В этот момент на лестнице раздался топот, и через секунду в дверку протиснулся… Гиттенс.
Брекстон побежал. Я приподнялся на четвереньки — на большее сил не хватило. Да и страшно было встать в полный рост. Особенно в моем состоянии.
Словом, не смейтесь, я погнался за ним на четвереньках.
Брекстон остановился и стал что-то делать на полу.
Я увидел, что в руках у него канат. Он быстро перебросил один конец через боковую стенку; другой конец был, очевидно, заранее где-то закреплен.
И тут его настиг я — обхватил за ноги.
— Брекстон, бежать бесполезно! — крикнул я. — Лучше сдайся! Тебе же будет лучше!
У меня было серьезное преимущество — я прочно стоял на четвереньках и держал его за ноги. Одним рывком я был способен повалить его. Он мог бы вывалиться с мостика и рухнуть вниз.
— Отпусти, козел! — прорычал Брекстон. — Не убивал я прокурора!
Сзади раздался голос Гиттенса:
— Бен, отпусти его. Уходи отсюда.
Я оглянулся. Гиттенс целился в Брекстона из такой же «беретты», что и у меня.
Брекстон, бросивший пистолет, чтобы спасти меня от падения, был теперь безоружен.
Под дулом «беретты» Гиттенса и со мной, театрально обнявшим его колени, Брекстон чувствовал себя дурак дураком. Его бешеный взгляд перебегал с Гиттенса на меня и обратно.
— Бен, если Брекстон убил, значит, ты невиновен! — крикнул мне Гиттенс. — Иди ко мне. И спускайся.
Уходи отсюда.
Спускайся.
До меня вдруг дошло, что намерен сделать Гиттенс.
Вот почему он отсылает меня прочь!
Он намерен застрелить Брекстона.
Это я не по его лицу прочел, не по его голосу почувствовал. Я просто это знал. Никакого ареста не будет. Будет хладнокровная казнь. И при этом он предлагает мне сделку: вместо меня виноват во всем Брекстон. Нет Брекстона — и все шито-крыто.

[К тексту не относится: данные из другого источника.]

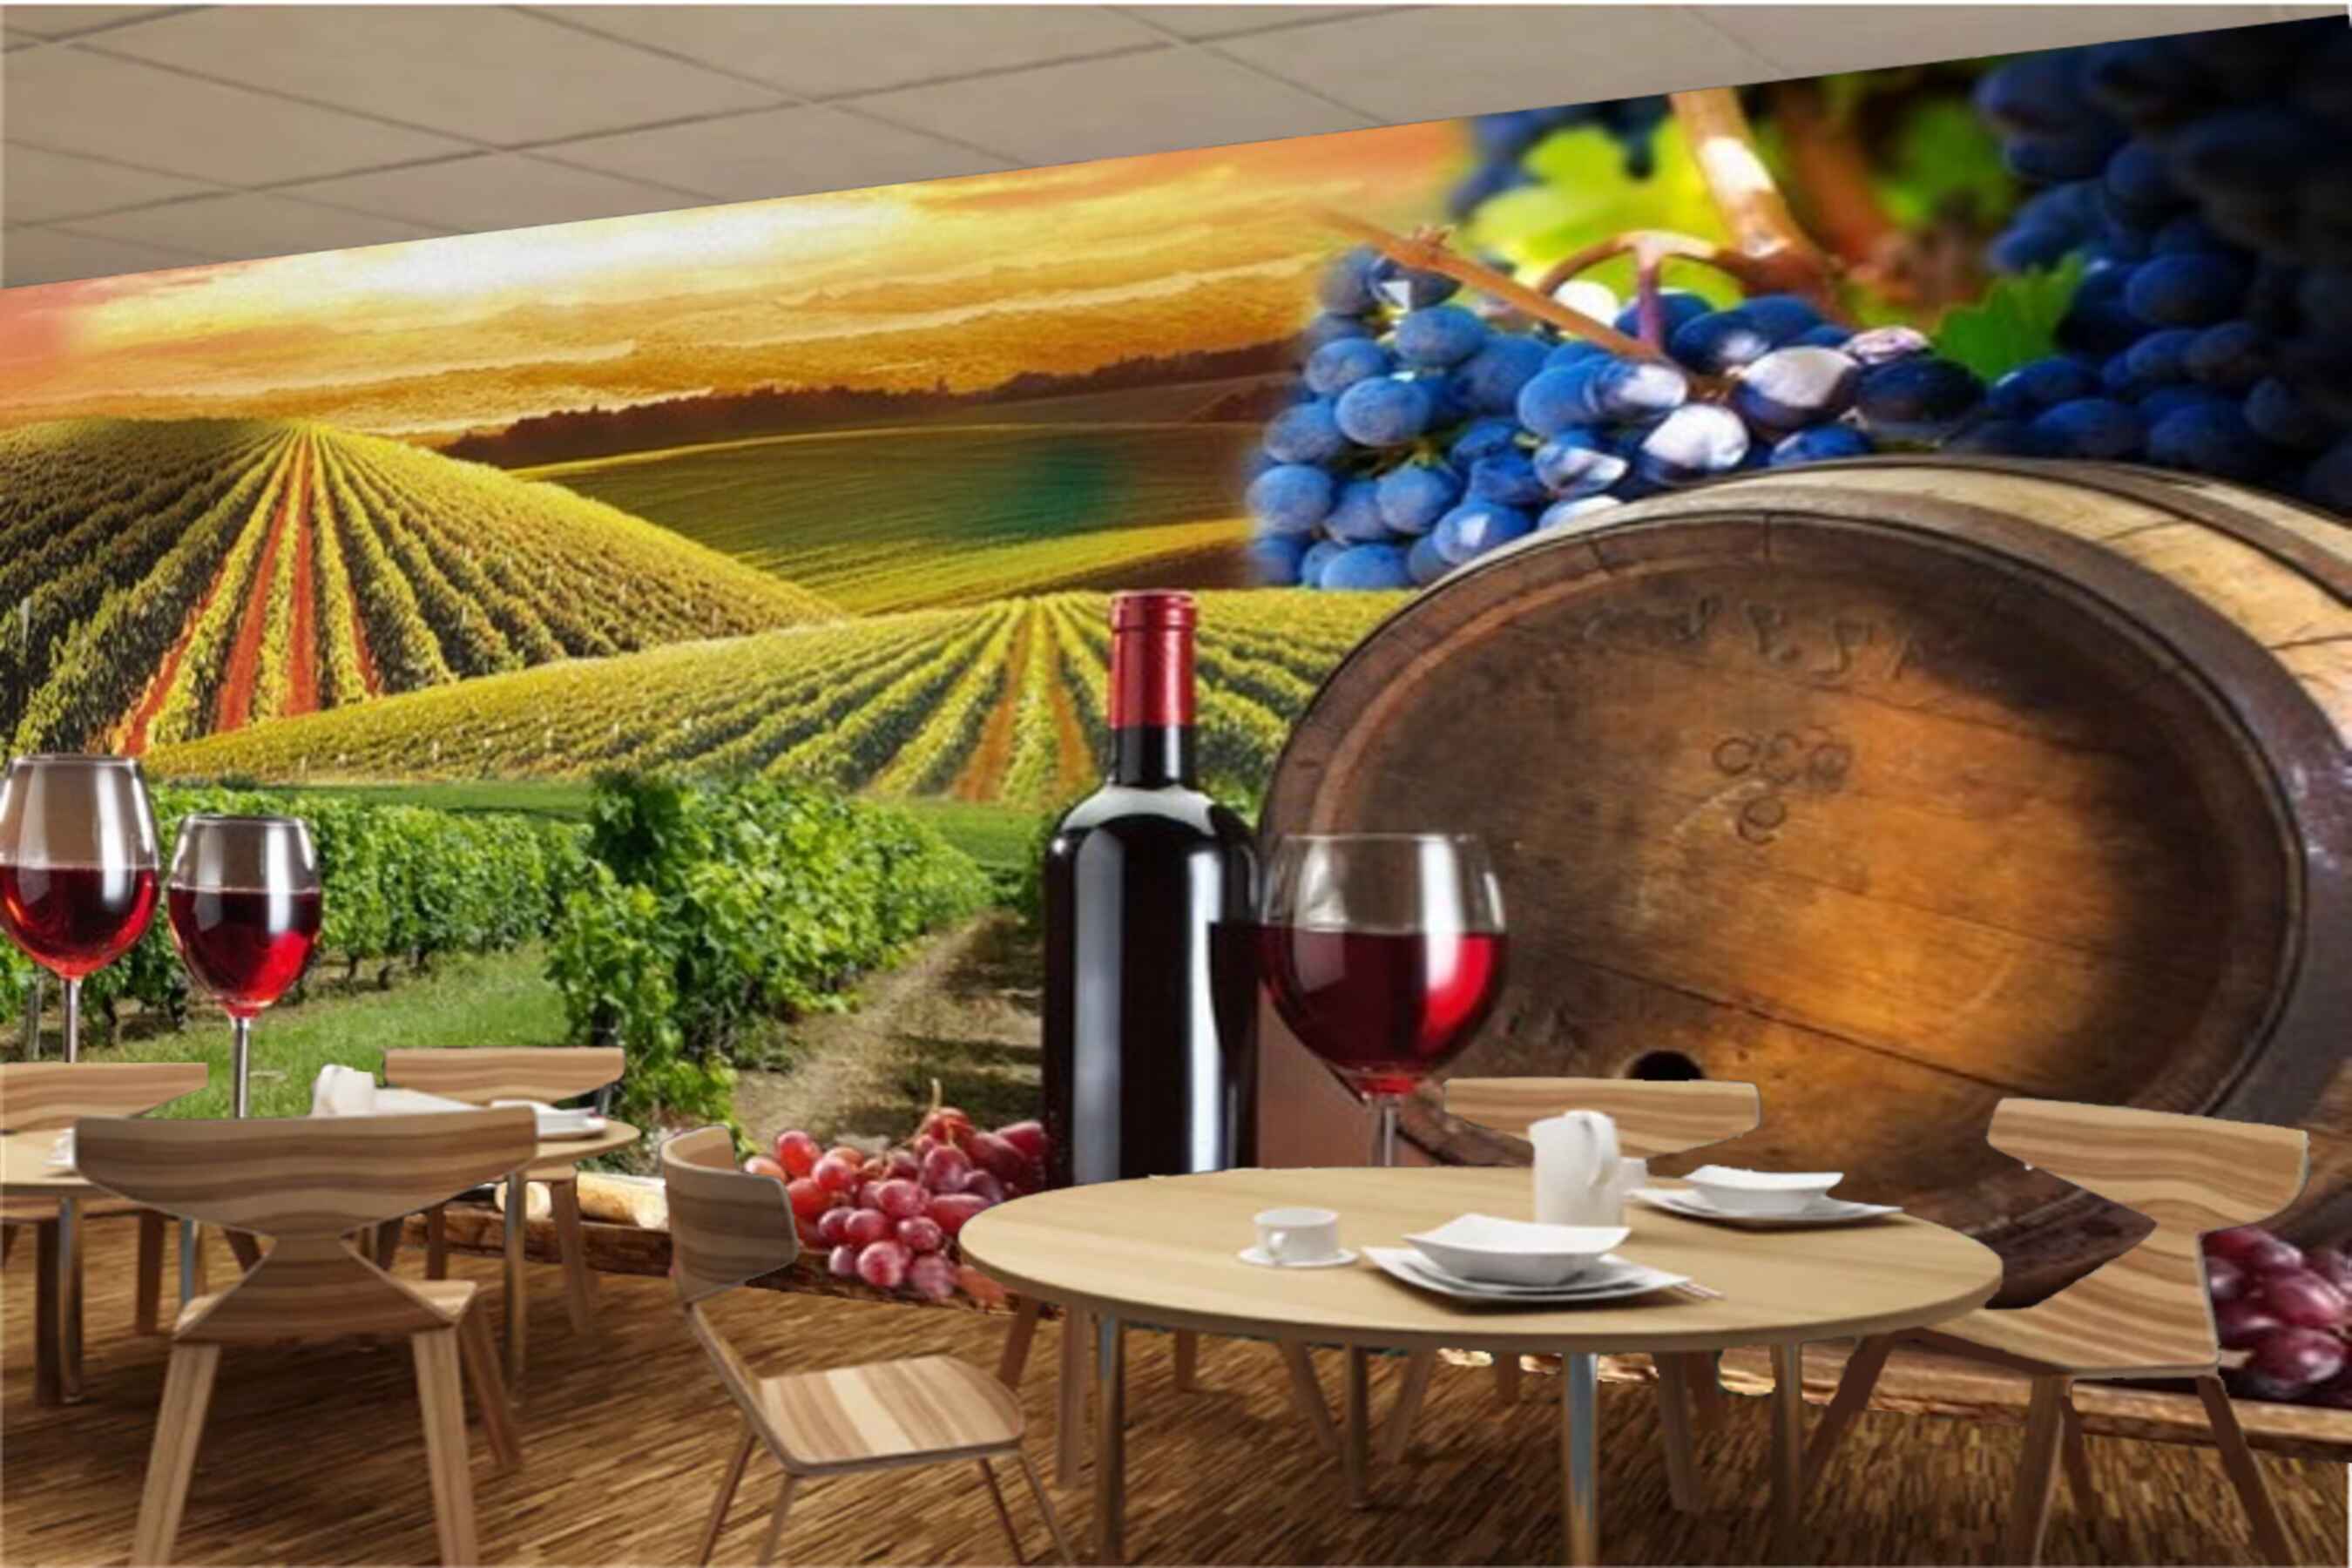 Avikalp MWZ3104 grape Wine Farm Glasses Bottle HD Wallpaper for Cafe Restaurant

Я решил — нет, не бывать этому!
Даже если Брекстон действительно убийца… нет, я не могу позволить случиться такому. Я себя после этого уважать перестану.
— Бен! Отпусти Брекстона и уходи.
Я тихо шепнул Брекстону:
— Беги!
Я отпустил его ноги и резко встал. Голова закружилась, но я стоял на линии огня и закрывал Брекстона своим телом. Гиттенс не решится выстрелить.
— Бен, придурок, на пол! Он же смоется!
Брекстон проворно скользнул по канату и был таков.
Гиттенс несколько раз выстрелил — мимо, мимо, мимо. Он разрядил всю обойму, но Брекстона уже и след простыл.
Гиттенс медленно вложил пистолет в кобуру. Затем мрачно уставился на меня.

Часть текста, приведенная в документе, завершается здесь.